To escape \ and ', I'd read it shuld be used \\ and '', so I thaugth
that a like '%diagn\\\\''f3stica%' should get "diagnóstica", but it
doesn't.

Any hint on this?

first, try dollar quoting:
cast(rtf_field as varchar) like $merlin$%condition%$merlin$

:-)

merlin

#3Leonardo M. Ramé
l.rame@griensu.com
In reply to: Merlin Moncure (#2)
Re: Query inside RTF

On jue, 2009-10-08 at 11:28 -0400, Merlin Moncure wrote:

2009/10/8 Leonardo M. <l.rame@griensu.com>:

Hi, in my database I store RTF files inside a Bytea field. Now a
customer is requesting a search inside RTF fields and I'm trying to
implement it by issuing this query:

select
*
from my_table
where
cast(rtf_field as varchar) like '%condition%'

This works ok when the condition doesn't include accented chars. RTF
escapes accented characters as "\'f1" for í, "\'f3" for ó, and so on.

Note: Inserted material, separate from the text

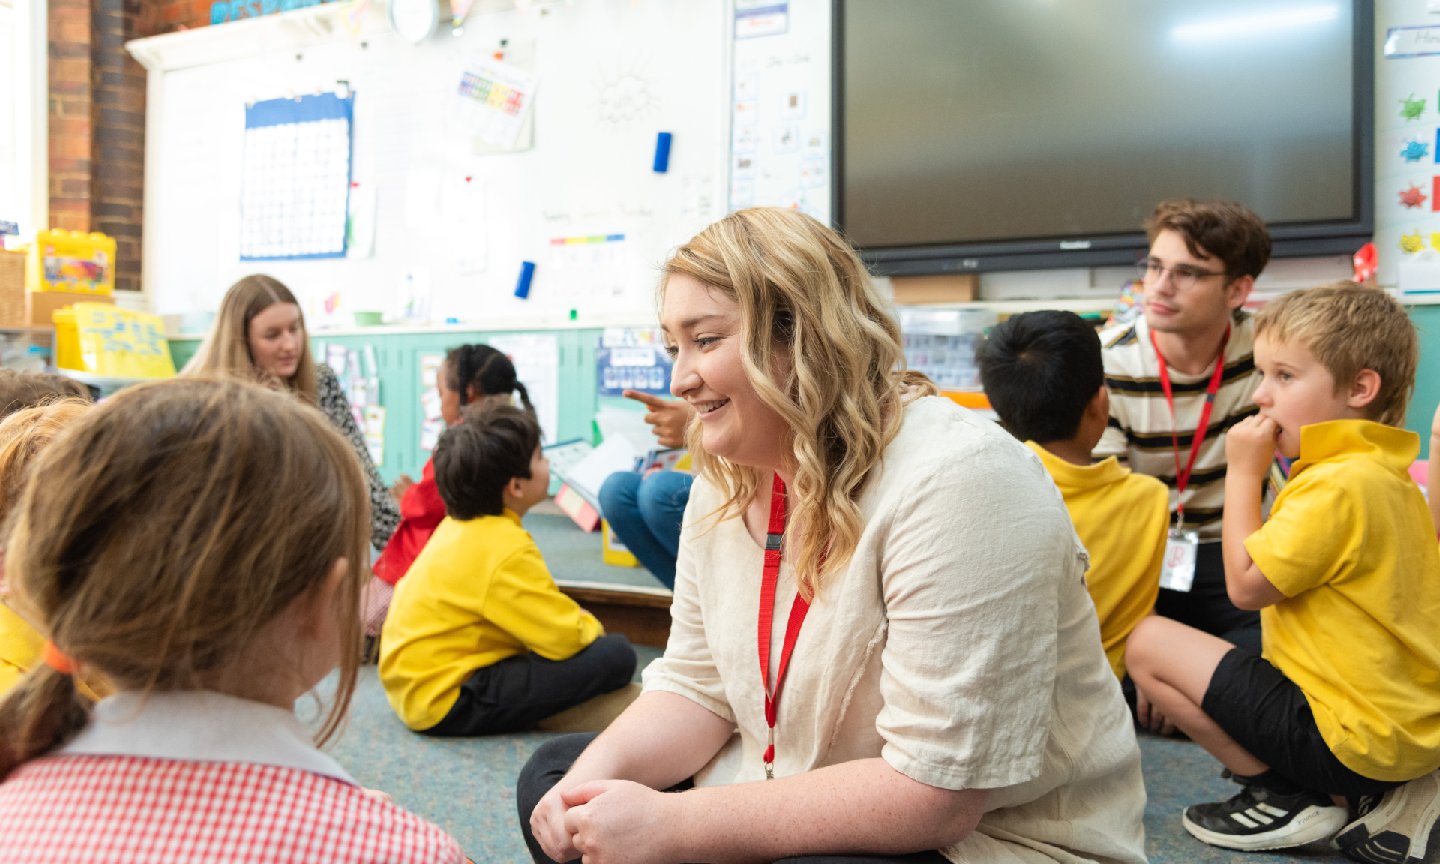 An RMIT education student sitting in a classroom with primary school students

To escape \ and ', I'd read it shuld be used \\ and '', so I thaugth
that a like '%diagn\\\\''f3stica%' should get "diagnóstica", but it
doesn't.

Any hint on this?

first, try dollar quoting:
cast(rtf_field as varchar) like $merlin$%condition%$merlin$

:-)

merlin

Thanks Merlin, I found the solution, it was related to
"standard_conforming_strings". My query is this now:

set standard_conforming_strings = 1;

SELECT
idturno,
Upper(cast(InfRes as Varchar))
as InfRes
from turno
where
cast(InfRes as Varchar) like '%diagn\\\\''f3stica%';

--
Leonardo M. Ramé
Griensu S.A. - Medical IT Córdoba
Tel.: 0351-4247979

#4Sam Mason
sam@samason.me.uk
In reply to: Leonardo M. Ramé (#1)
Re: Query inside RTF

On Thu, Oct 08, 2009 at 10:58:05AM -0300, Leonardo M. Rammm wrote:

cast(rtf_field as varchar) like '%condition%'

I don't think that cast isn't doing what you expect at all. As an
example, try doing something like:

select cast(bytea e'hi\nbye' as varchar);

encode() may be what you want instead. How do RTF files handle
encoding? You may have better luck with using a specialized program to
pull the text out of the RTF file and then using the text search stuff
in PG. LIKE conditions can't be indexed well and hence the above is
going to be slow for any reasonable number of documents.

--
Sam http://samason.me.uk/

#5Emanuel Calvo Franco
postgres.arg@gmail.com
In reply to: Leonardo M. Ramé (#1)
Re: Query inside RTF

select
 *
from my_table
where
 cast(rtf_field as varchar) like '%condition%'

This works ok when the condition doesn't include accented chars. RTF
escapes accented characters as "\'f1" for í, "\'f3" for ó, and so on.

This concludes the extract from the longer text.